Description
Prerequisites
- [✅] I reviewed the Discussions, and have a new bug or useful enhancement to share.
Feature Idea
If we want to efficiently bias against specific words that are made up of multiple tokens or 'ban' them, as well as short phrases, checking the logit list to see if the other predictions imply the 'full word' or 'full phrase' could be very beneficial. Currently, there is a limitation of predicting single tokens at a time; this means the decision on whether or not to pick a token based on context clues (e.g short synonyms instead of the first piece of a larger word) would be beneficial as there would be no overhead from 'rewinding' or reprocessing context.
A related draft PR exists which is dedicated towards implementing a 'rewind' feature for a sequence repetition penalty option. This could be very beneficial for longer phrases that can't be accurately 'predicted' ahead of time:
#2593
But I don't see any PR that attempts to tackle the issue in a way that doesn't incur performance overheads of some kind from having to regenerate tokens.
I have visually drafted out this conditional biasing concept in hopes that anyone working on a similar feature might be willing to help on this idea.
In addition, you could theoretically implement this in such a way where if you are biasing against a continued phrase or sentence, you gradually bias it for each consecutive word. For example, let's say you want to avoid this sentence from being referenced in any way:
"The quick brown fox jumps over the lazy dog."

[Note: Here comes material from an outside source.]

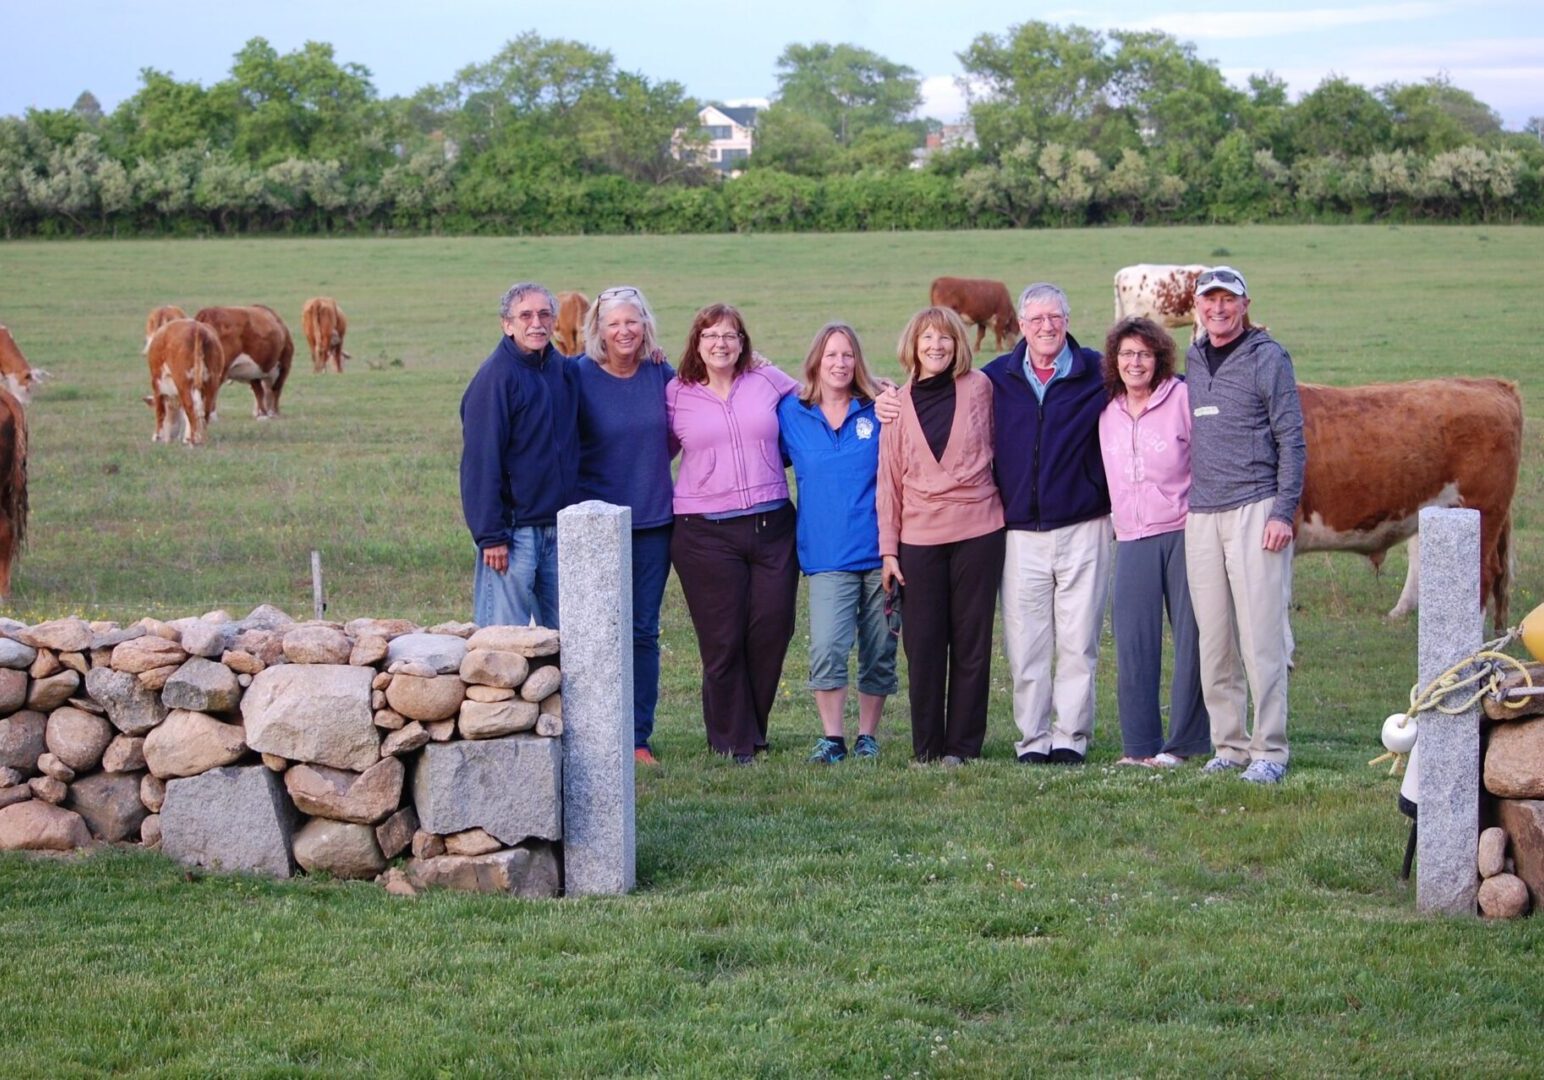 A group of people standing in a field with cows.

Individually, these could still be considered typical tokens; the bias would only be introduced if a repeated sequence order is seen based on the frequency of those words.
"The" by itself shouldn't be impacted for obvious reasons; but a small bias against 'quick' could be introduced if the word preceding it was 'The'. For 'brown', you could bias the probability more aggressively and so on.

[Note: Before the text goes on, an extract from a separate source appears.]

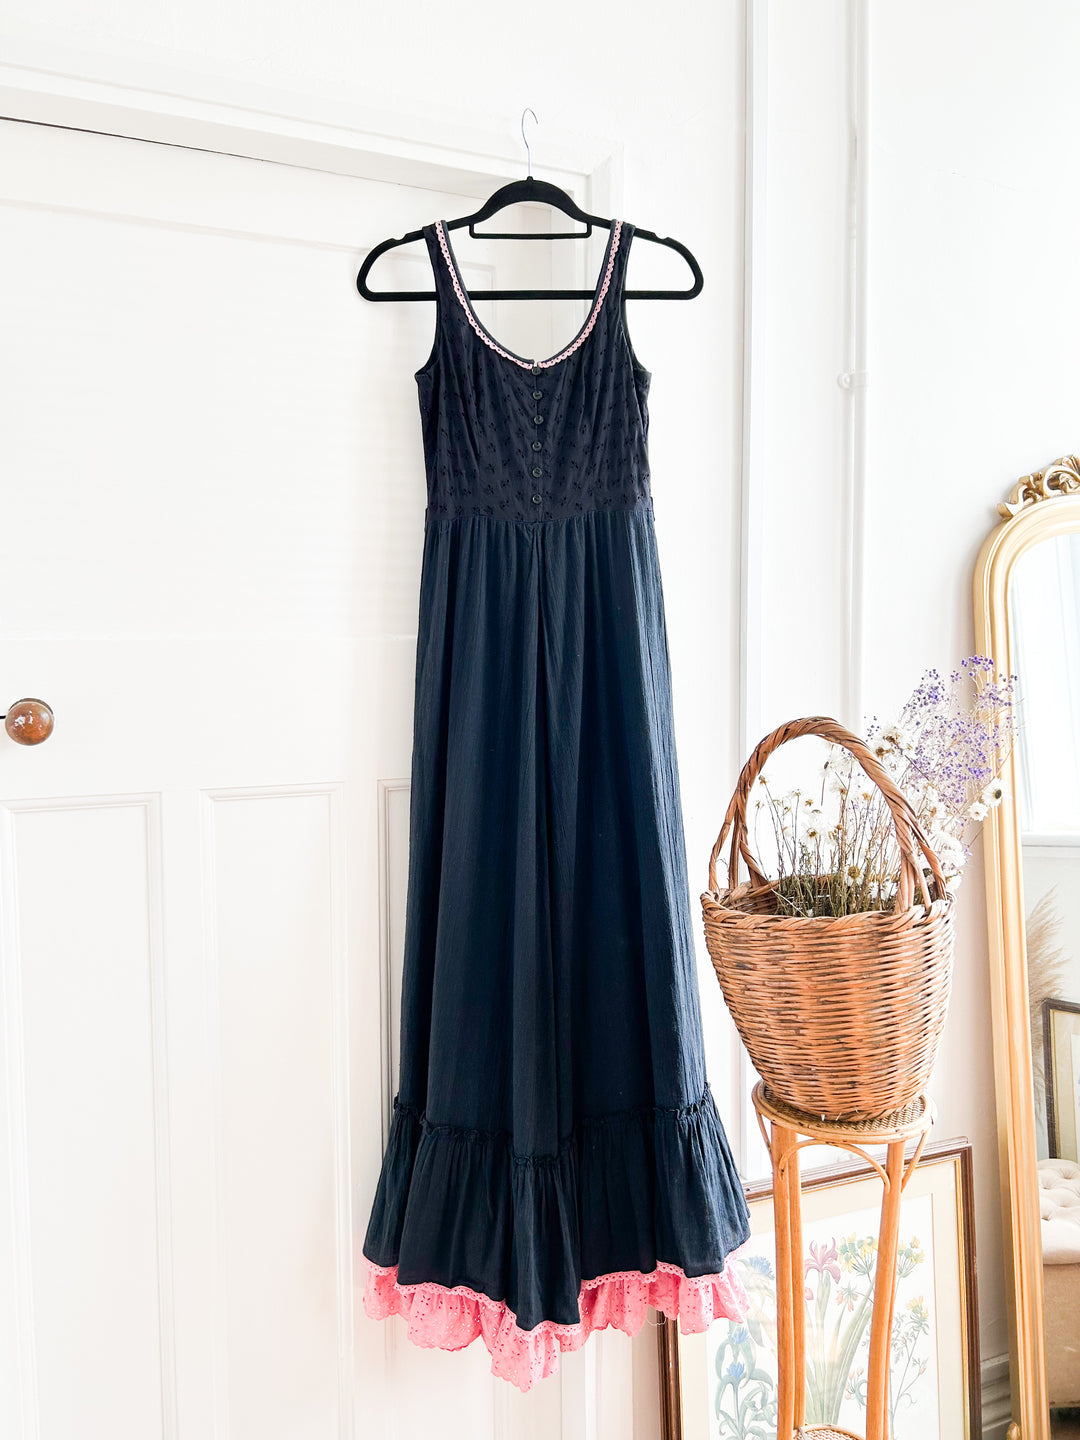 RARE BLACK CHEESECLOTH MAXI DRESS WITH PINK DETAILING

For every token that is breaking out of the 'banned sequence', you could ease off the biasing until it returns back to zero.
Doing this by hand would be tedious; maybe an automatic calculation that judges the rarest portions of the 'banned phrases' and weighs them proportionally to the rest of the temperature would be a better move for a 'phrase ban list'?
In addition, it doesn't necessarily have to be followed exactly in order to trigger the 'ban' as you could proportionally penalize more generic phrases like 'jumps over the' less than others. 'quick brown fox' might have a stronger negative bias, for example.